The printing mechanism is a first female die printing seat 28 which is used for coating adhesive with colors on one side of an antenna layer to be processed or one side of a first substrate layer which is not adhered with the antenna layer according to the shape of the antenna body and synchronously printing a first positioning mark 36 near a bonding block 38 coated according to the shape of the antenna body, the vicinity of the bonding block 38 means that the first positioning mark 36 is arranged at a specified distance around or on two sides of the outermost edge of the bonding block 38, the first positioning mark 36 in the embodiment 1 is arranged on two sides of the outermost edge of the bonding block 38, referring to fig. 4, the first positioning mark 36 can provide a positioning basis for the antenna hole processing mechanism 4, the fourth male die printing seat 31, the first module mechanism 27 and the second module mechanism 10 in the processing processes of the subsequent antenna hole processing mechanism 4, the fourth male die printing seat 31, the first module mechanism 27 and the second module mechanism 10, the accuracy of the antenna hole machining mechanism 4, the accuracy of the fourth male die printing seat 31, the accuracy of the first module mechanism 27 and the accuracy of the second module mechanism 10 are improved, and the product quality is improved, for example, the outer contour of a specific tag antenna on an antenna layer is positioned through the first positioning mark 36, which is also called die-set positioning.

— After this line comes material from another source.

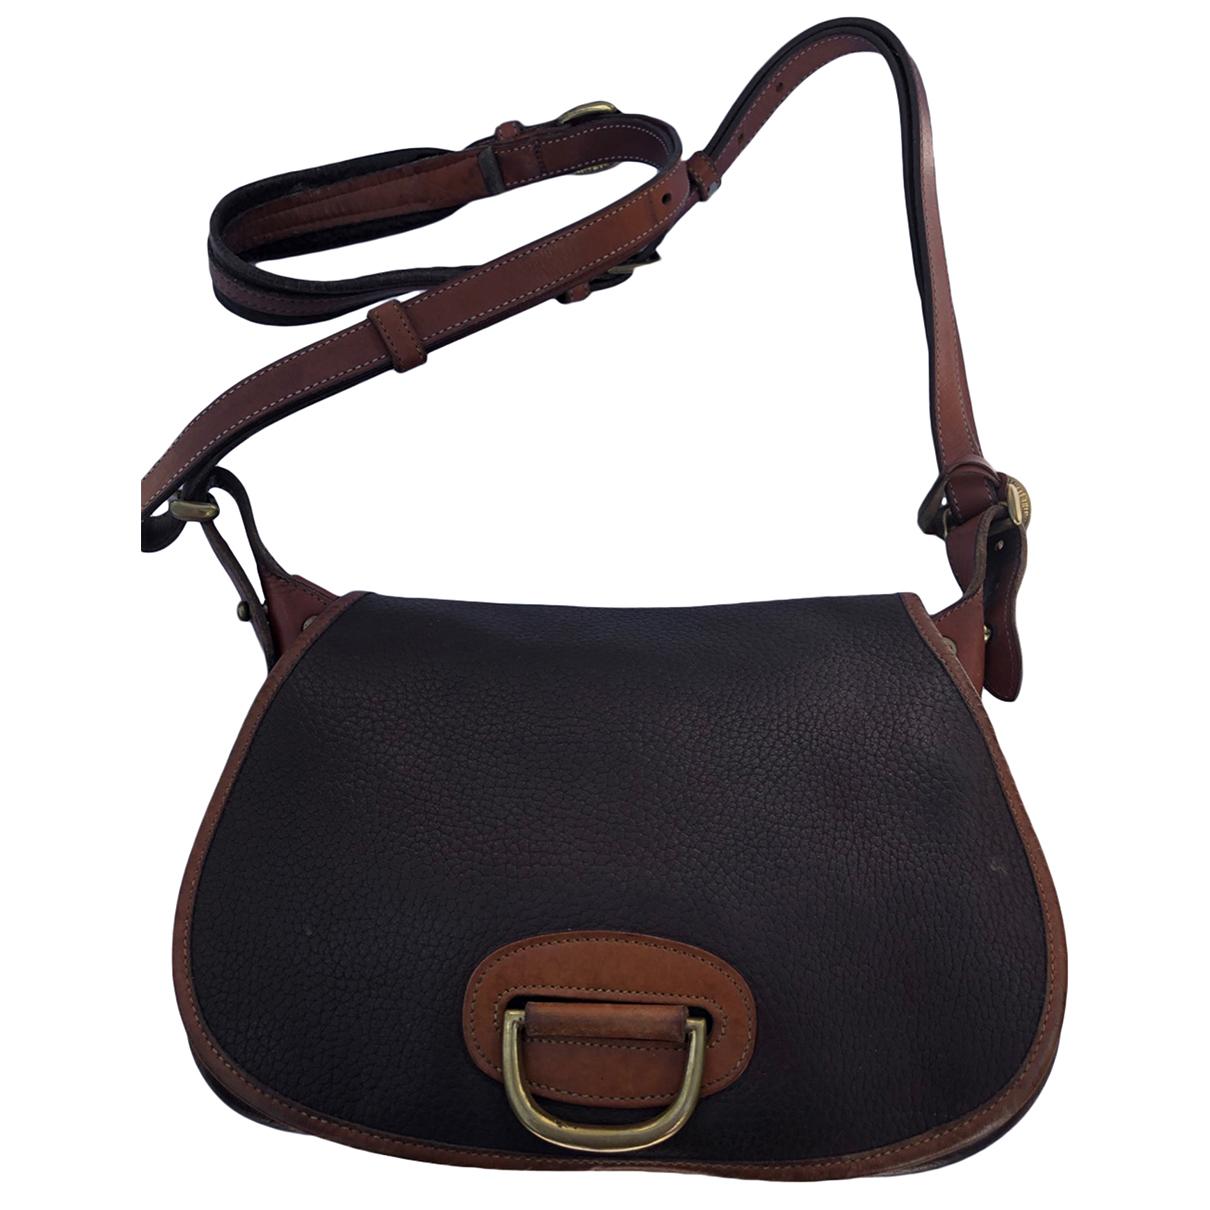 Dooney And Bourke \N Brown Leather handbag for Women \N

At this time, the first positioning mark 36 may be printed by ink, preferably UV ink, and the adhesive coated into the adhesive block may be added with color (ink or pigment powder, such as red or black, etc.), so that the printing of the first positioning mark 36 and the coating of the adhesive block 38 may be simultaneously completed by the first female die printing seat 28 at one time, that is, the printing of the tag antenna pattern and the positioning point (color register position, i.e., the first positioning mark) beside the tag antenna pattern are realized, and the positioning point (color register position) is used for the subsequent antenna hole processing mechanism 4, the fourth male die printing seat 31, the first die cutting mechanism 27, and the second die cutting mechanism 10, so as to improve the accuracy of the subsequent antenna hole processing, the chip binding point processing, and the chip binding positioning point processing.

The groove portions of the first female die printing base 28 are used for installing the adhesive, the shape of the groove portions is matched with the shape of the antenna body, namely, the shape of each groove portion is the shape of the antenna body to be cut, the adhesive is printed according to the shape, a plurality of groove portions can be arranged simultaneously, female die printing of a plurality of bonding blocks 38 is achieved, and the adhesive is convenient and saved.

Referring to fig. 5, an output port of the first unwinding mechanism 1 corresponds to an input port of the first female die printing seat 28, an output port of the first female die printing seat 28 corresponds to an input port of the drying mechanism 3, an output port of the drying mechanism 3 corresponds to an input port of the second deviation correcting device 25, an output port of the second deviation correcting device 25 corresponds to an input port of the first traction device 23, an output port of the first traction device 23 corresponds to an input port of the antenna hole machining mechanism 4, an output port of the antenna hole machining mechanism 4 corresponds to an input port of the combining mechanism 6, an output port of the second unwinding mechanism 7 corresponds to an input port of the combining mechanism 6, an output port of the combining mechanism 6 corresponds to an input port of the first die-cutting mechanism 27, an output port of the first die-cutting mechanism 27 corresponds to an input port of the second die-cutting mechanism 10, and an output port of the second die-cutting mechanism 10 corresponds to, meanwhile, the output port of the third unwinding mechanism 12 also corresponds to the input port of the second traction device 24, and the output port of the second traction device 24 corresponds to the input port of the finished product winding mechanism 13; in addition, the positions of the first die-cutting mechanism 27 and the second die-cutting mechanism 10 can be interchanged, the corresponding part connection modes are correspondingly adjusted, and the sequence of the working procedures of the first die-cutting mechanism 27 and the second die-cutting mechanism 10 is also interchanged, so that the production of products is not influenced, and the processing effects are the same.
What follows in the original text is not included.